I think that there is an excellent point here that "Incentives matter".

Welfare is currently designed such that married couples or even co-habitating couples are punished and given less resources to succeed. Its unclear if that was an intentional attack on the black family unit or just an unfortunate consequence but the destruction of the poor black family is one of the main consequences of that policy. This could be easily fixed by removing the marriage penalty from all government programs and actually proving a small incentive for two people to stay toughener and raise a child.

Just like incentives matter in welfare the do so in schools as well.

There is no Incentive for good teachers to teach at poor schools, and no incentive for good students to go to said poor schools so anyone that can just gets out and goes somewhere better. Because of this, schools naturally segregate. If no effort is taken to integrate them over time schools will segregate into rich schools and poor schools which also tends to mean white/asian schools vs black/Hispanic schools due to how wealth is distributed demographicaly in the US. Its a self reinforcing loop where if a school is on an upward or downward trend it will continue on that trend until it either levels off at the top or sinks to the bottom.

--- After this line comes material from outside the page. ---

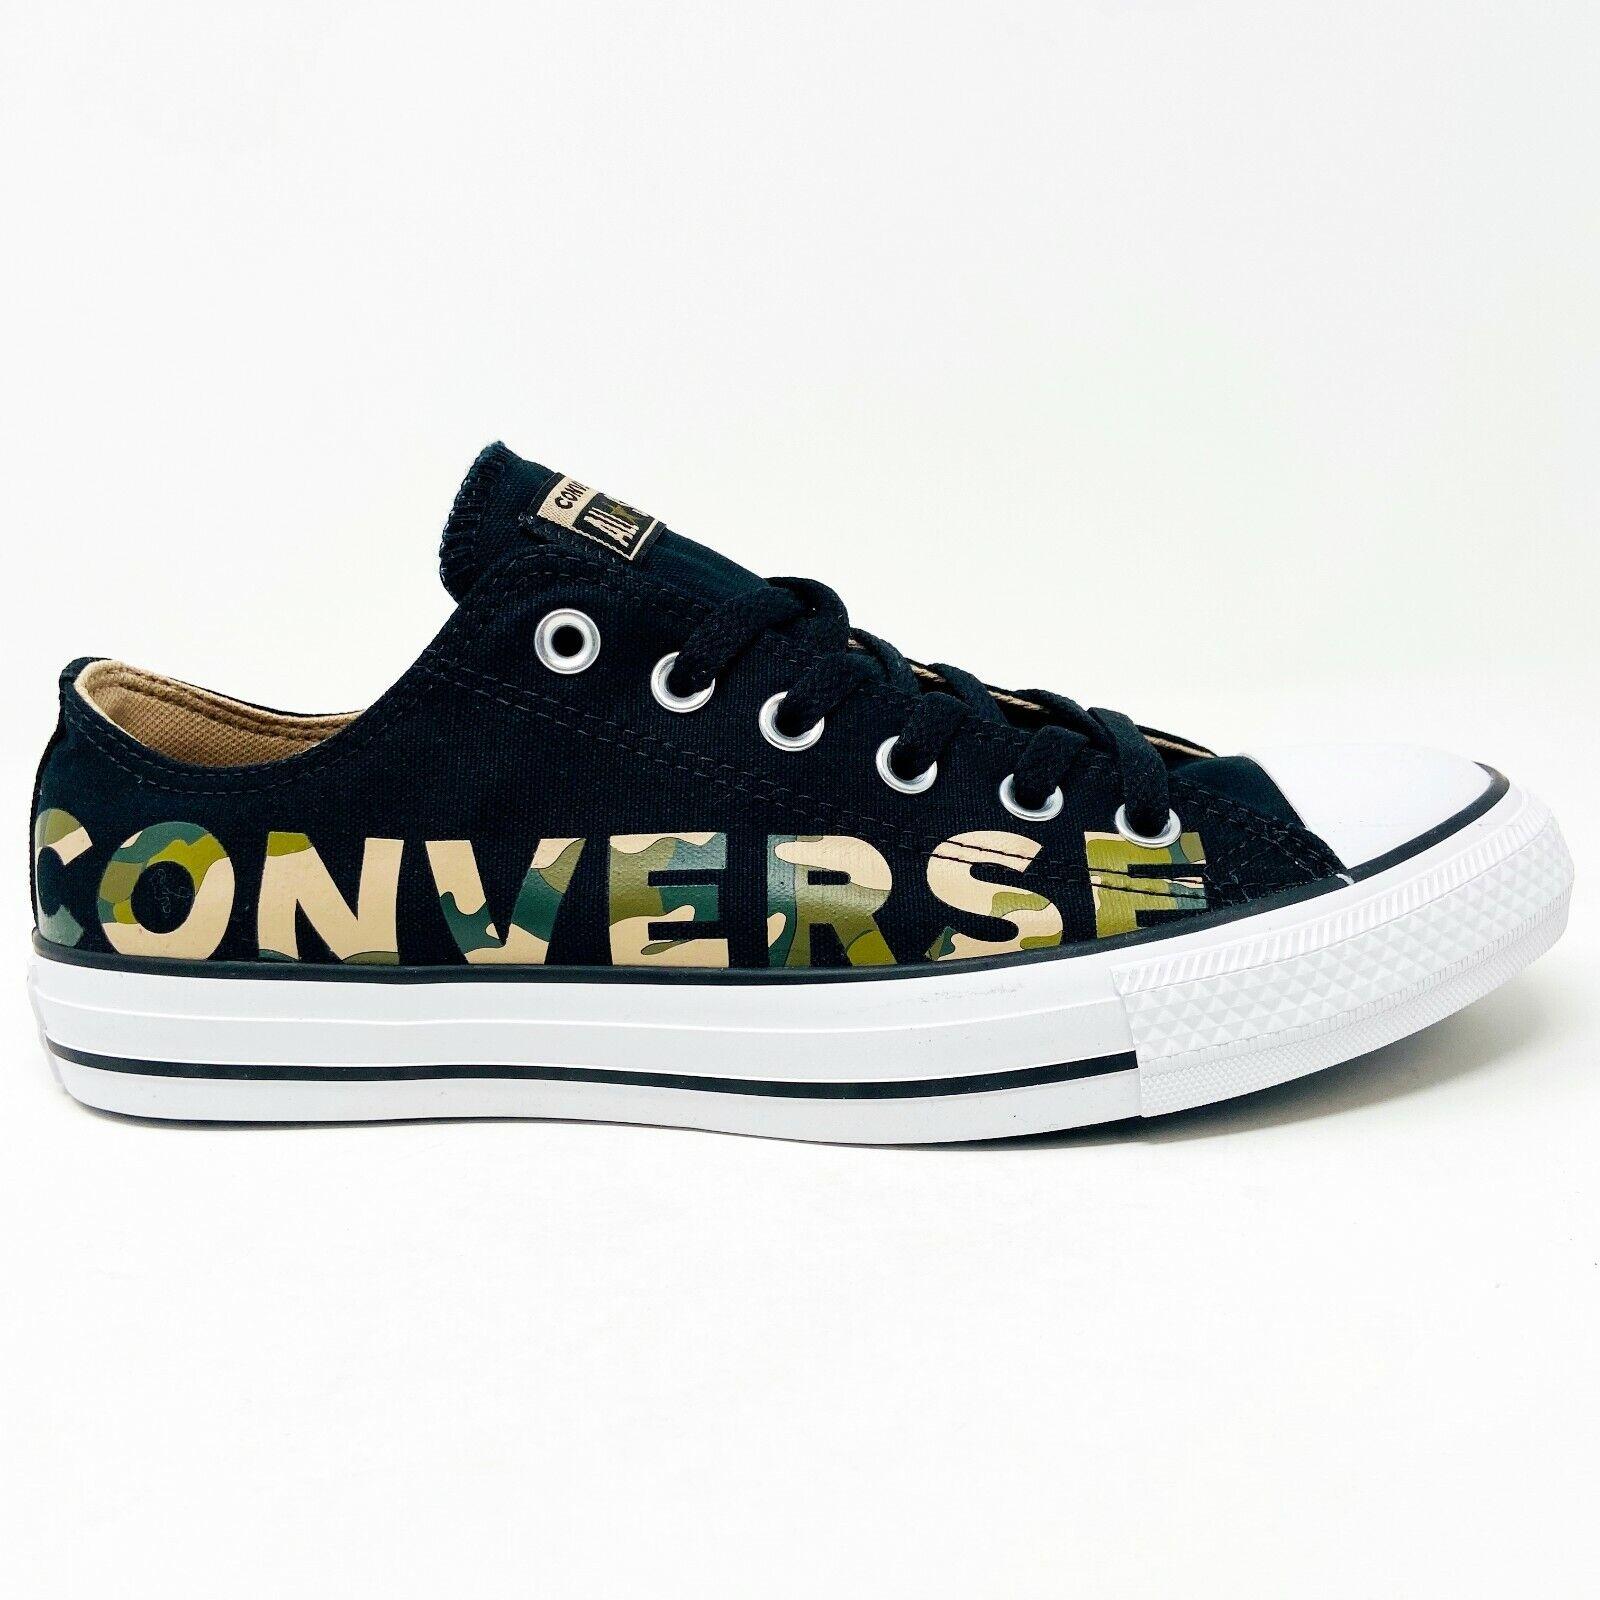 Converse Womens Chuck Taylor All Star

user-inactivated  ·  2510 days ago  ·  link  ·  

Your point makes sense in regard to welfare, although to be honest I don't really know anything about it so take my agreement for what it's worth.

I agree school segregation is a self reinforcing loop, because school segregation is both a cause and an effect of income inequality (via geographic segregation). But we could short that circuit if there were the political will to put resources into creating incentives for local governments (it's very expensive), teachers and parents. In the FY2017 Obama budget proposal, there was originally a $120 million grant program for integration, which was eventually reduced by 90% to $12 million. Now Devos might cut that in the name of "school choice" -- a dog whistle for de facto segregation.

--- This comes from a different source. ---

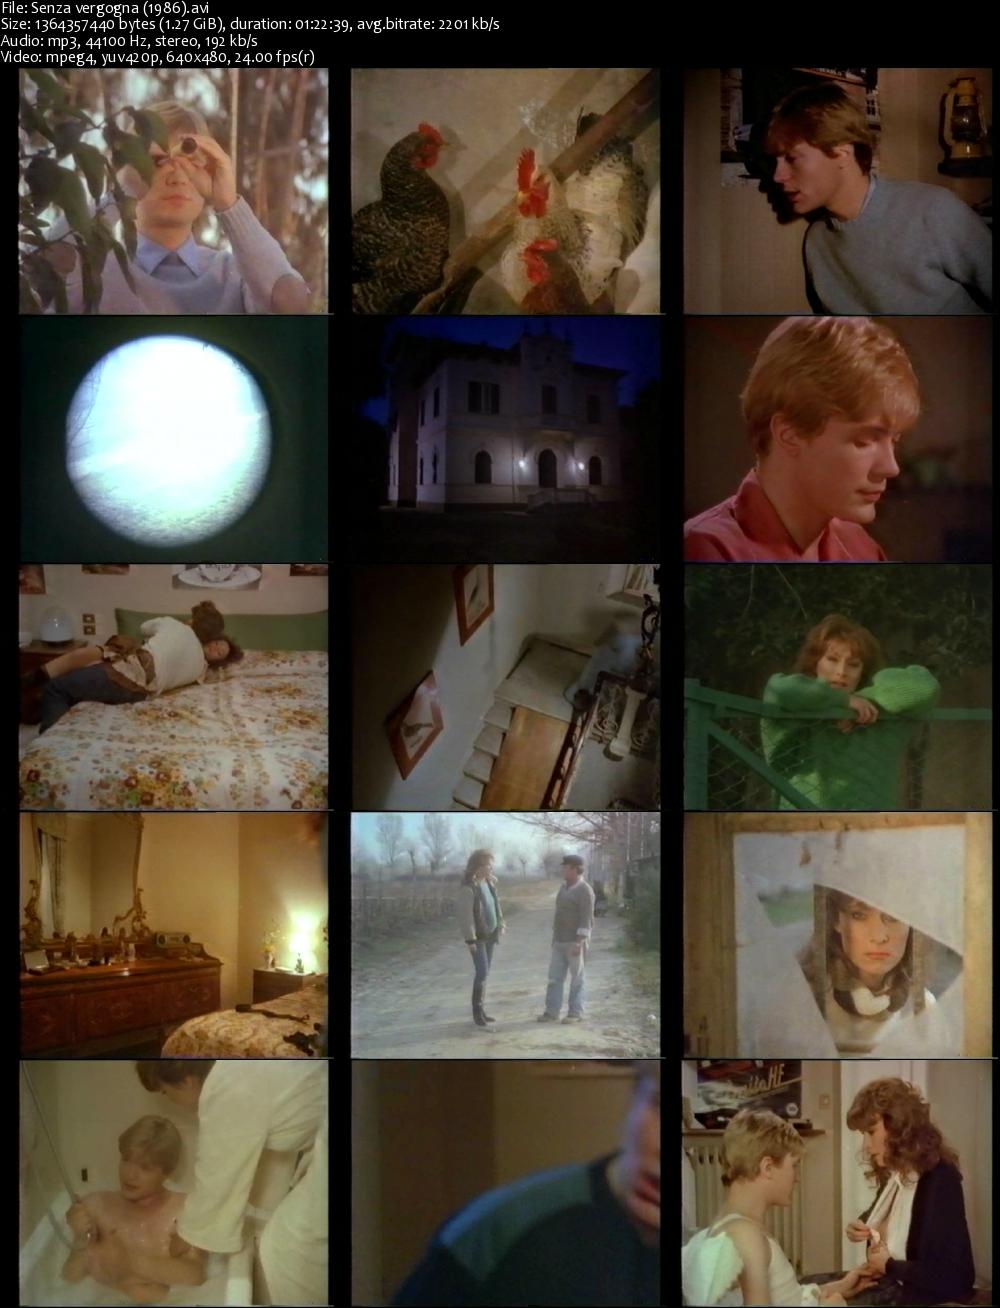 Senza vergogna (1986) Screenshot

On the other hand, if we choose to follow political decisions (in this case, politically motivated legal decisions) like Miliken v Bradley and allow de facto segregation in schools, then we will never be able to have the equality of opportunity that would narrow the income and achievement gaps across races and prevent auto-segregation.

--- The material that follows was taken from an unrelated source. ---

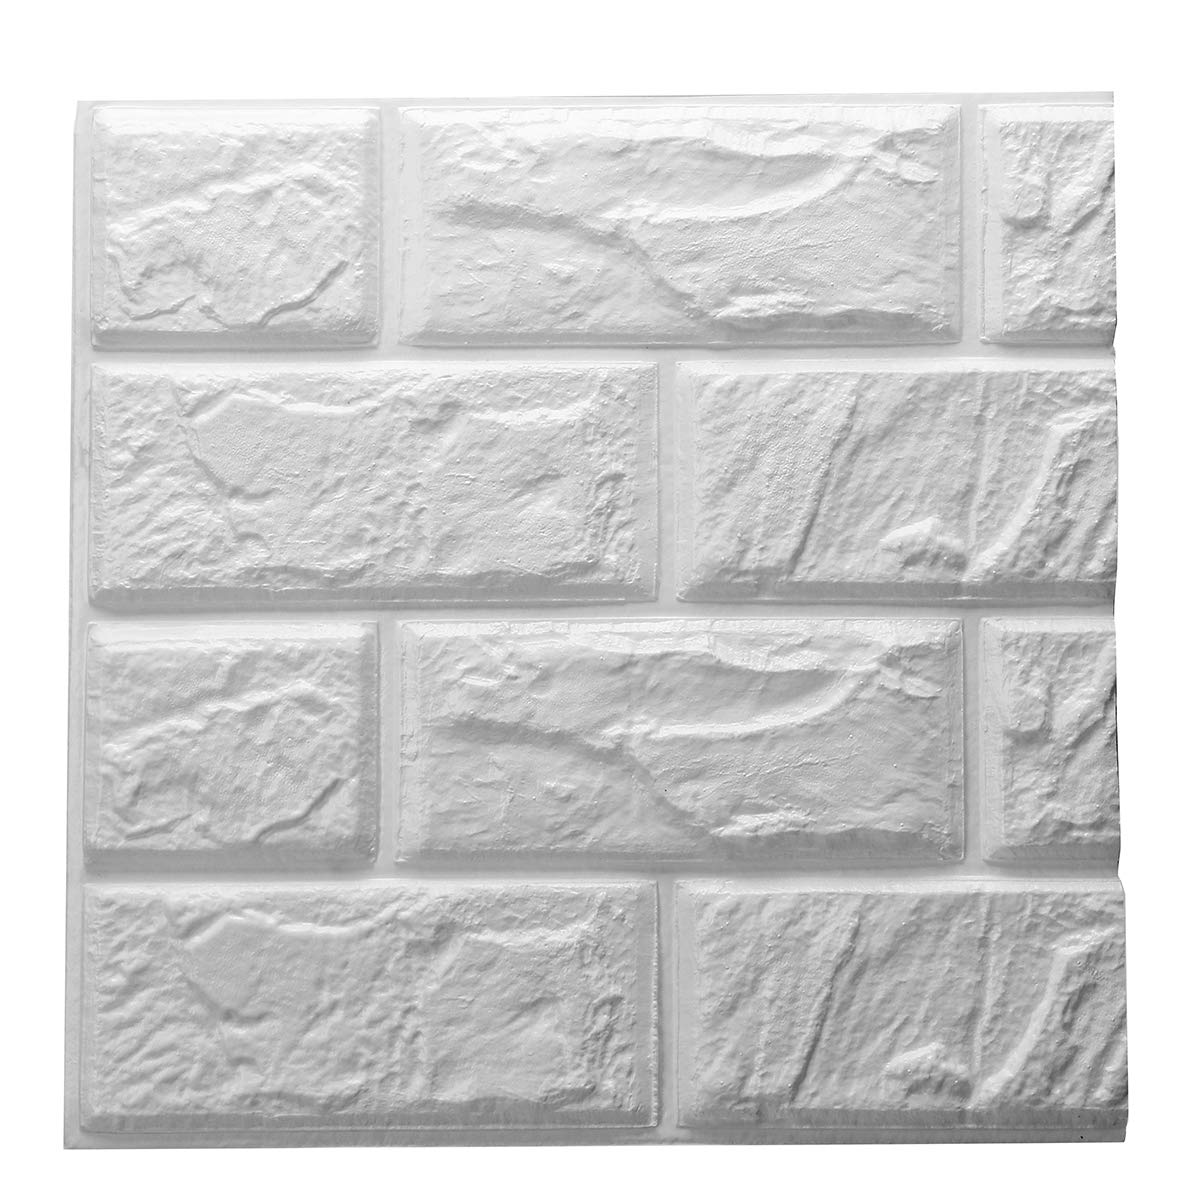 PE Foam 3D Self Adhesive DIY Panels Wall Stickers Home Decor Embossed Brick New

Another thing to consider is why we can't appreciate the inherit incentives of school integration: It appears to do a whole lot of good for a lot of kids. Integration leads to higher achievement in several subjects, especially for black students. Based on the research I've seen, there is little to no effect on white students' performance. I don't know of any other pro-equality public policies that minimizes loses as much as integration does. As for the big picture, the potential knock-on effects of reducing systemic inequality should provide a lot of long-term incentive for white communities to embrace integration. It's not a panacea, but there are a lot of reasons to be (cautiously) optimistic about school integration.

I think one, maybe not the only but at least one, reason we don't think about the inherit incentives of integration is that racism makes supporting integration politically toxic. Both white and black communities were widely opposed to integration in the 70s, and white families fought particularly hard to keep black students out of white schools. After that, white flight kicked in to avoid having to send white kids to predominately black schools.